*** Begin section ***

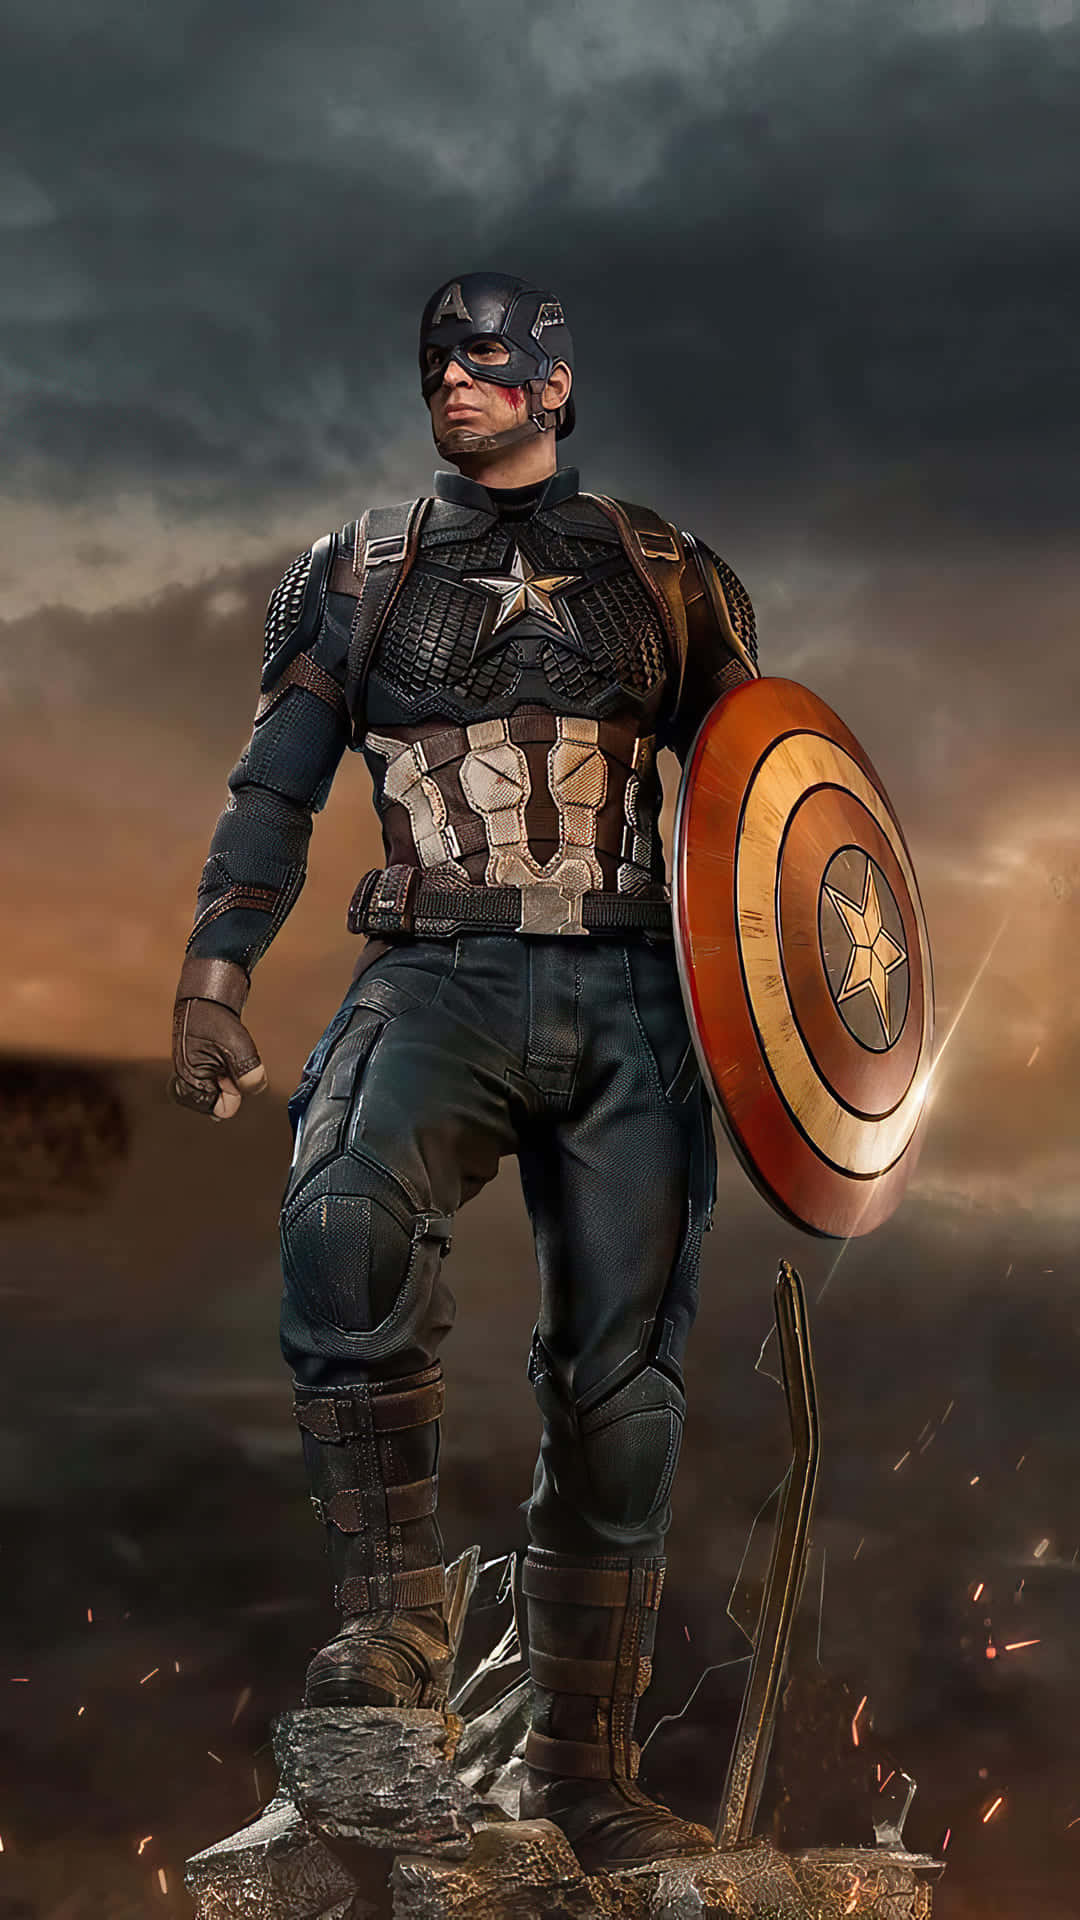 Captain America uses his Super Soldier strength to fight against evil forces
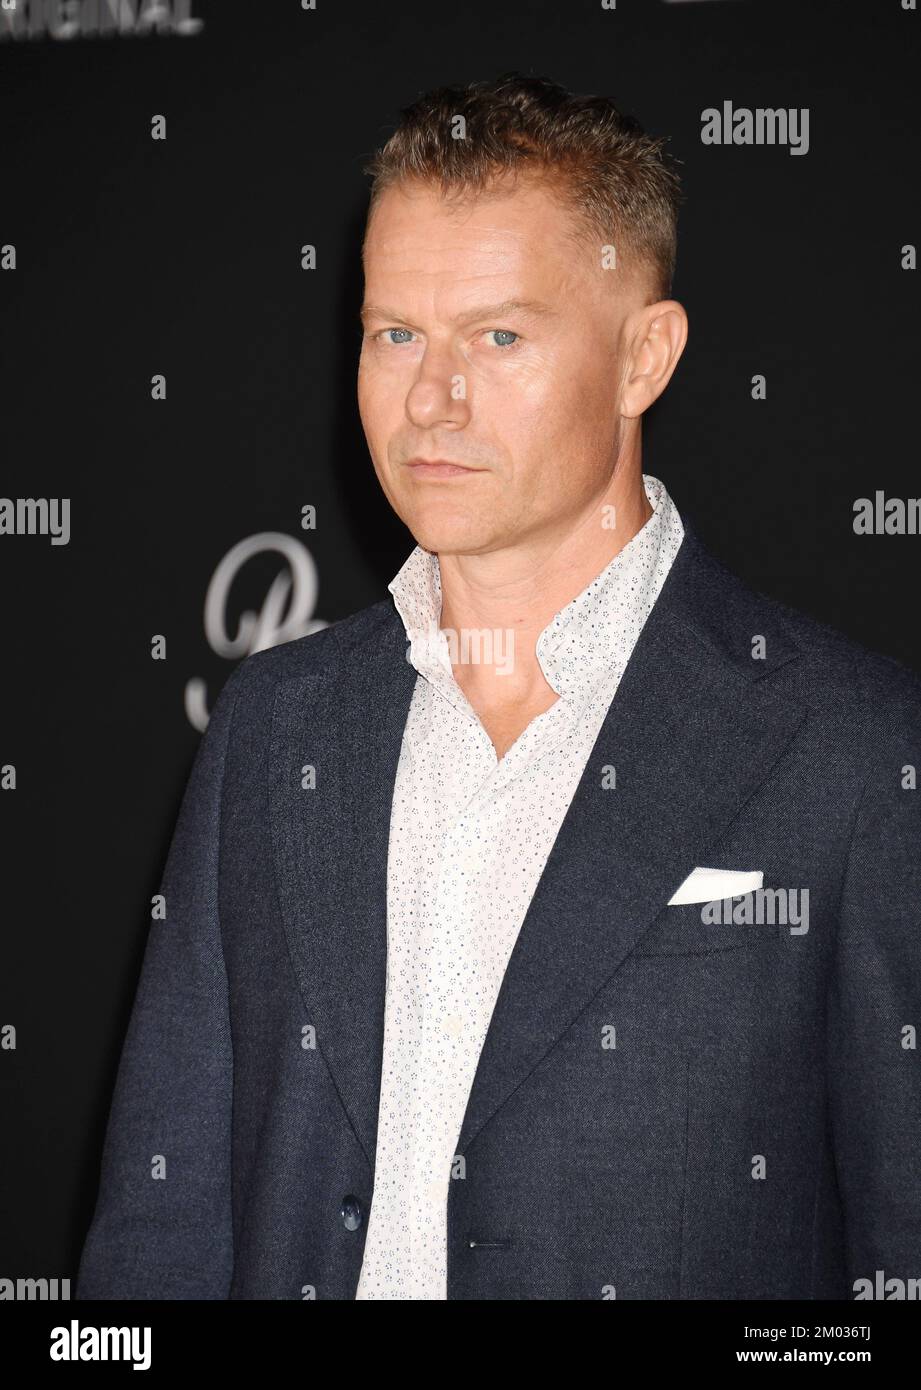 LOS ANGELES, CALIFORNIA - DECEMBER 02: James Badge Dale attends the Los Angeles Premiere Of Paramount+'s '1923' at Hollywood American Legion on Decemb Stock Photo
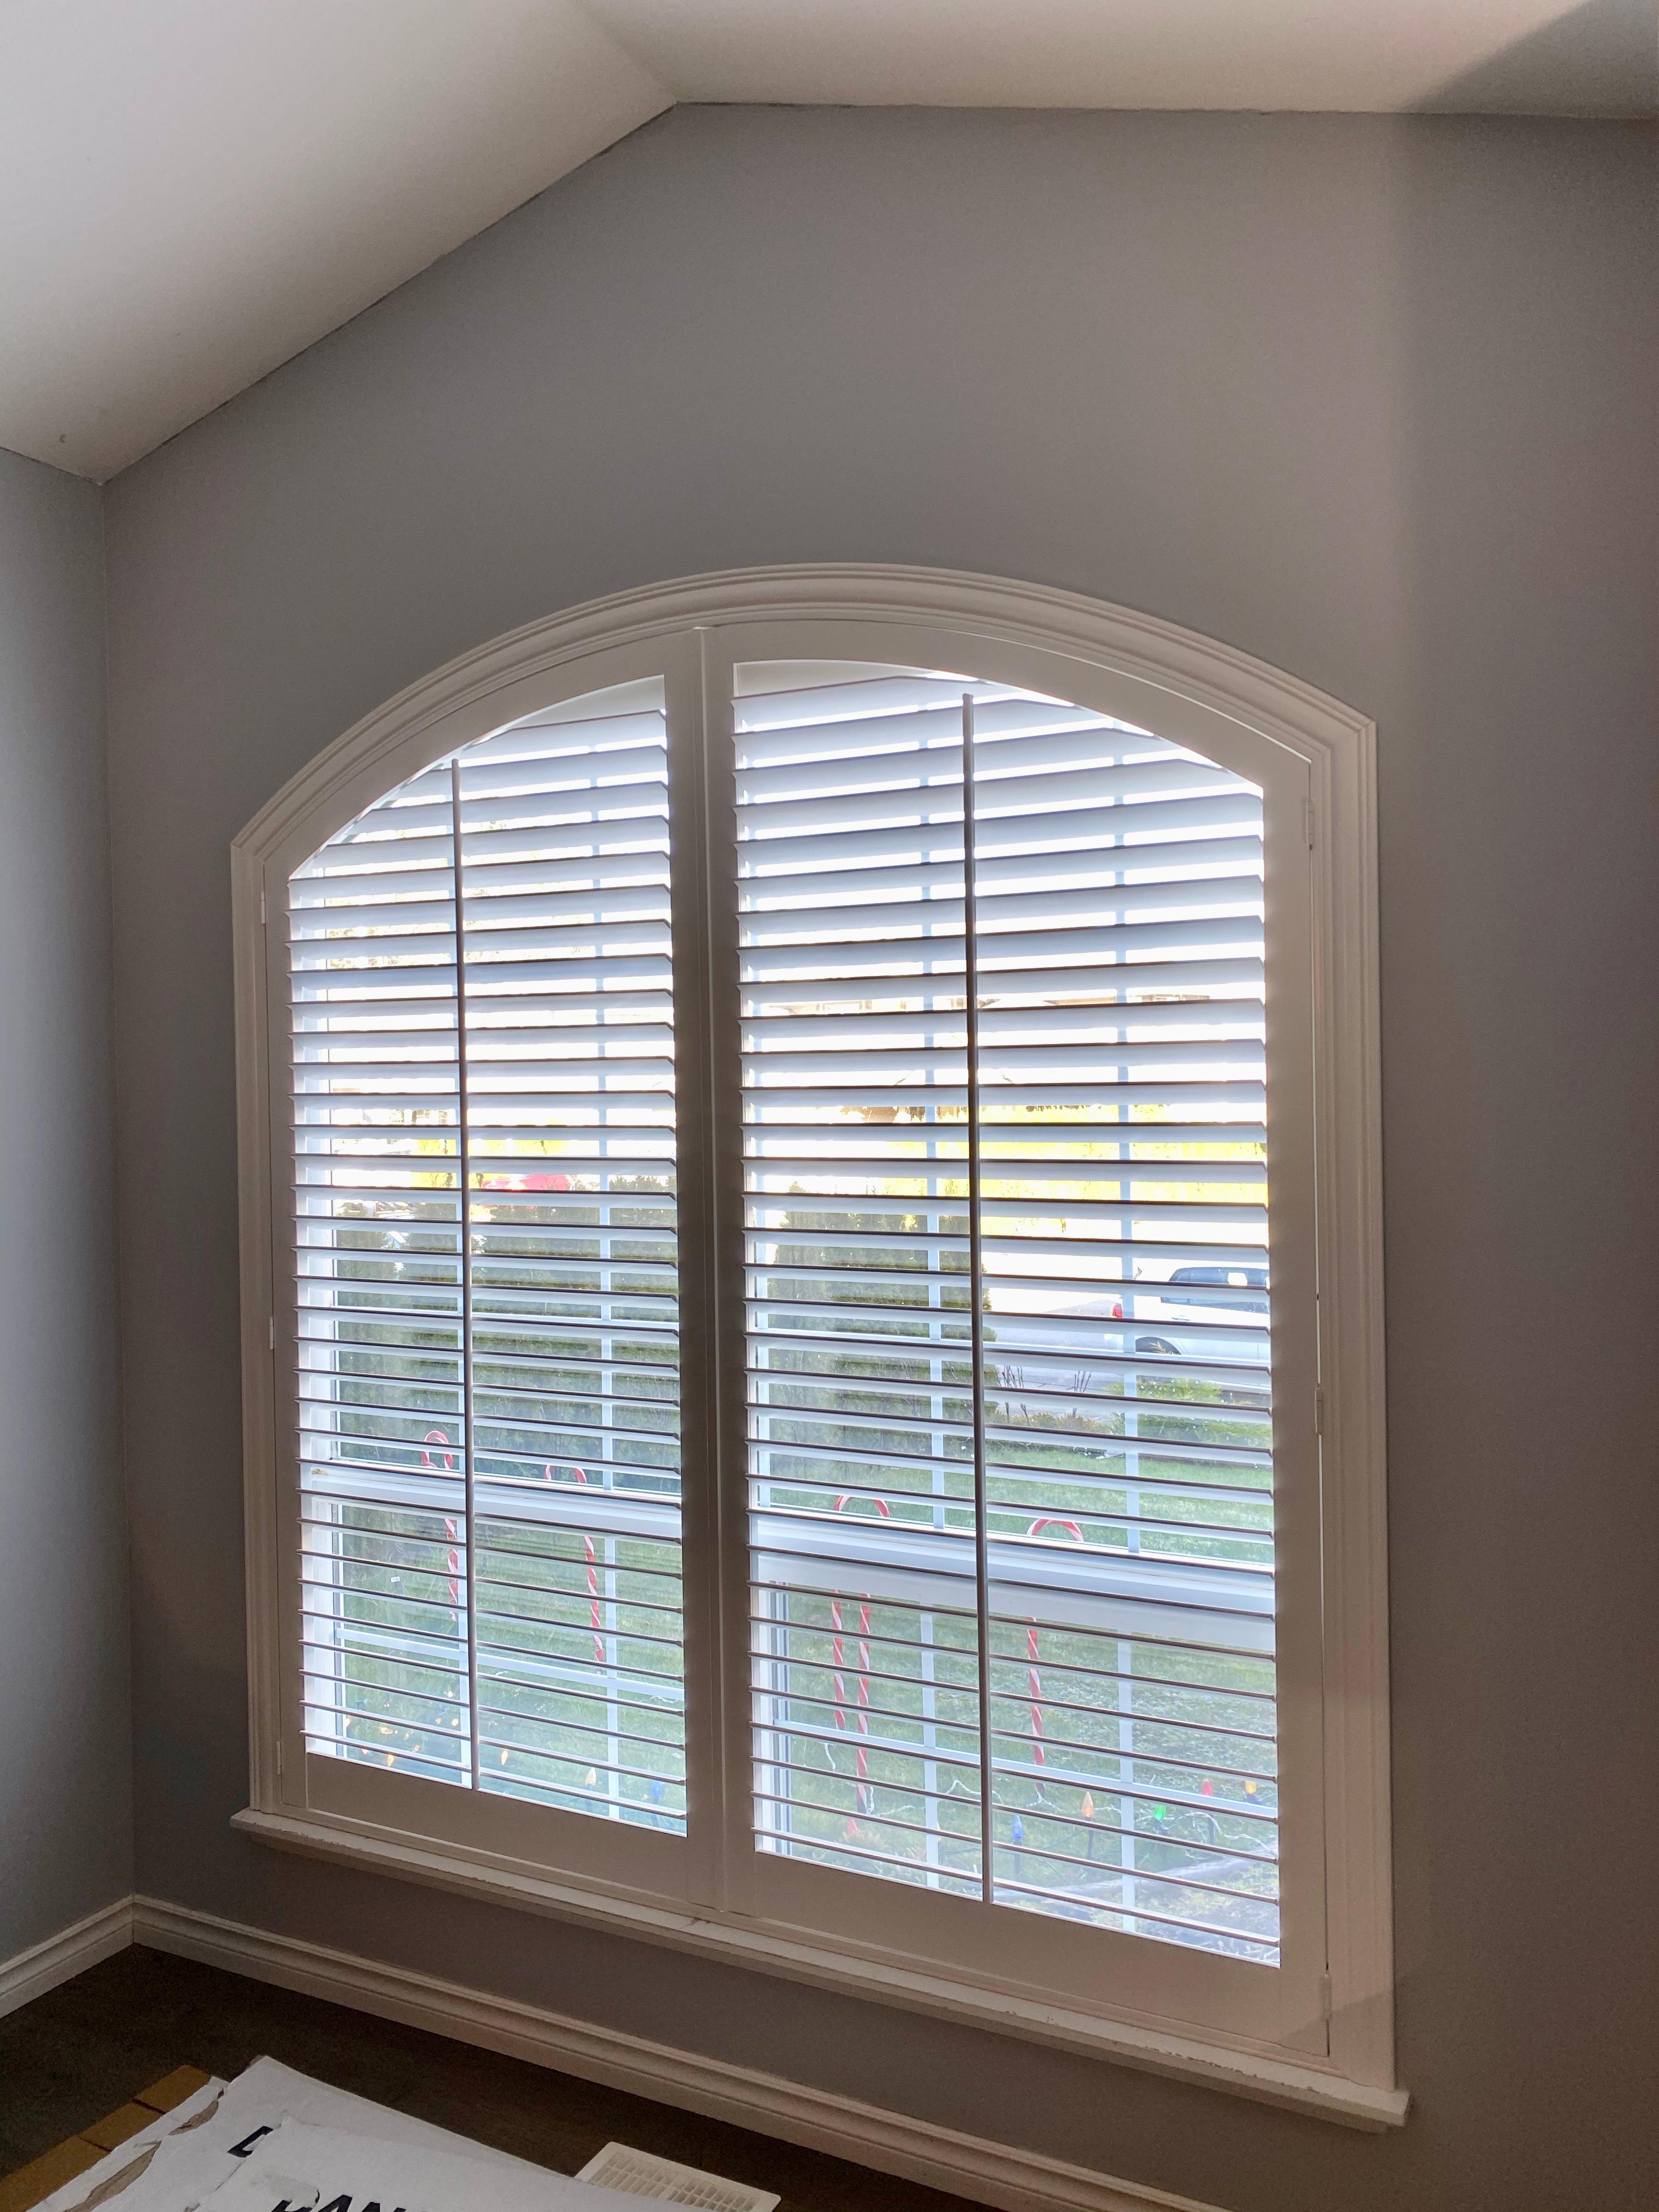 Real Wood Shutters Budget Blinds of Chilliwack, Hope and Harrison Chilliwack (604)824-0375

*** End section ***

▸ Work instructions
Reproduce the whole listing above word for word, dropping each image.

▸ Exercise output
 Captain America uses his Super Soldier strength to fight against evil forces
 LOS ANGELES, CALIFORNIA - DECEMBER 02: James Badge Dale attends the Los Angeles Premiere Of Paramount+'s '1923' at Hollywood American Legion on Decemb Stock Photo
 Real Wood Shutters Budget Blinds of Chilliwack, Hope and Harrison Chilliwack (604)824-0375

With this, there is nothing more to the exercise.